City

Home Forward Sent 10 Staff to Orlando Junket, Where They Helped CEO Campaign For Industry Position

An agency spokesman says some of the staff “volunteered at [Mathews’] campaign booth” while in Orlando.

Orlando World Center Marriott. (Visit Orlando)

Earlier this month, WW reported how Ivory Mathews, the CEO of Home Forward, spent over $100,000 on agency-funded travel between 2023 and 2025, criss-crossing the country to attend housing conferences and networking events.

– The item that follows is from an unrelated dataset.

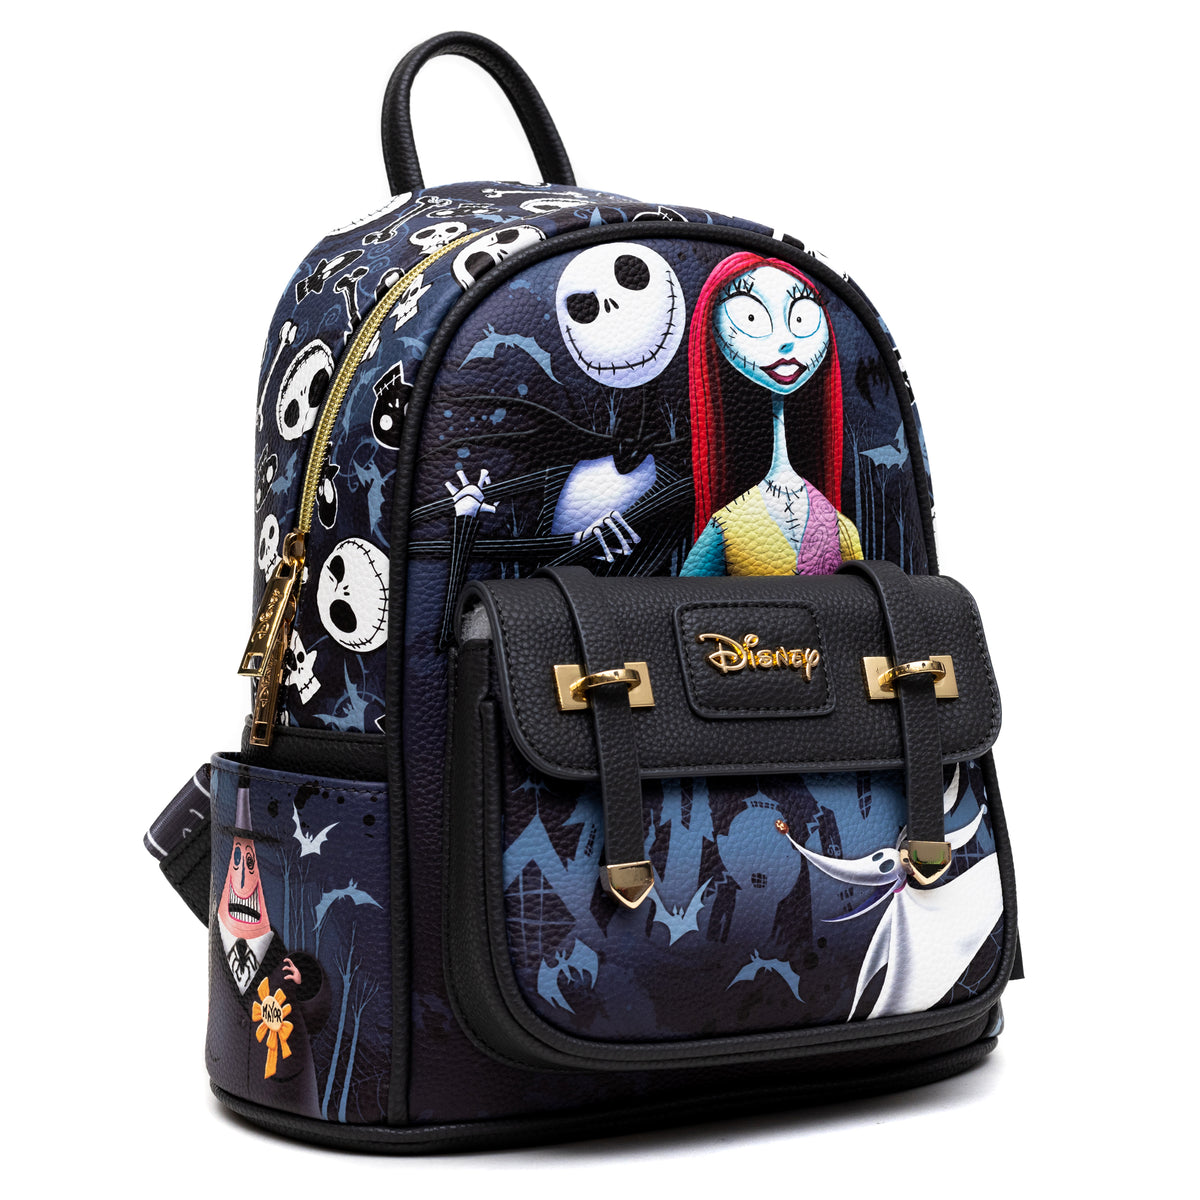 Nightmare Before Christmas Mini Backpack - Limited Edition

Traveling on the agency’s dime, Mathews spent an average of 45 days per year out of state, even as Home Forward, the city of Portland’s housing authority, struggled to fill empty units, allowed drug markets to enter some of their buildings, and saw their housing portfolio of 7,000 units inch closer to financial distress.

Until now, the outlier among those trips was an October 2024 visit to Hawaii, where she says she attended an insurance conference. That trip was unusual for its cost—more than $7,000—and the inability of the agency to provide any details of what Mathews did at the conference, including a schedule or any notes she took. Records obtained by WW last week show that three other high-level leaders at Home Forward traveled to Hawaii to attend insurance conferences in recent years, at a cost totaling around $24,000.

Now WW has learned that another destination was also popular with Home Forward staff.

WW has learned that Mathews took 10 agency staffers with her to a conference in Orlando in September 2024. The agency footed the bill for all 10 employees, and the total cost came to $20,445, according to agency spokesman Rylee Ahnen. He says that includes Mathews’ costs.

At the time, Mathews was campaigning to be elected senior vice president of the National Association of Housing and Redevelopment Officials, the industry association putting on many of the conferences Mathews attended, including the event at the Orlando World Center Marriott.

Mathews was running for the association board position unopposed. Yet she appears to have nonetheless launched an aggressive campaign.

Photos posted to Mathews’ social media accounts show dozens of pictures she took at various conferences of her campaign booth, where she handed out campaign flyers, pins stamped with images of her face, and dangly earrings that Mathews says she made by hand. She posted frequently online about her endorsements from fellow housing officials, and took photos of supporters next to her campaign booth or donning the earrings.

Ahnen told WW today that some of the 10 agency staff who attended the Orlando conference in September 2024 with Mathews helped her campaign.

“Some of the staff attending the Orlando conference volunteered at her campaign booth,” Ahnen says.

The agency insists it did not pay for any of Mathews’ campaign-related expenses. But agency staff who traveled to Orlando helped their boss campaign for an external position.

A year after the Orlando trip, in September 2025, Mathews flew to Phoenix for her swearing-in ceremony. Four Home Forward executives joined her on that trip: the agency’s chief financial officer, chief operating officer, chief people and culture officer, and its director of equity.

Jennifer McMillan, the president of AFSCME Local 3135, the union that represents 205 Home Forward employees, said earlier this week that her members had “no confidence or trust” in Mathews after learning of her travel expenses. At a meeting of the Home Forward board of commissioners Tuesday evening, union members told the board and Mathews just how angry and disheartened they were by the news.

Mathews, though she made brief remarks at the top of the board meeting and promised the agency was committed to hearing concerns and responding to them, did not respond to any of her employees’ comments or questions.

Home Forward’s board has defended Mathews, saying her travel to conferences allows the CEO to learn important lessons and apply them at Home Forward.

Sophie Peel

Sophie Peel covers City Hall and neighborhoods.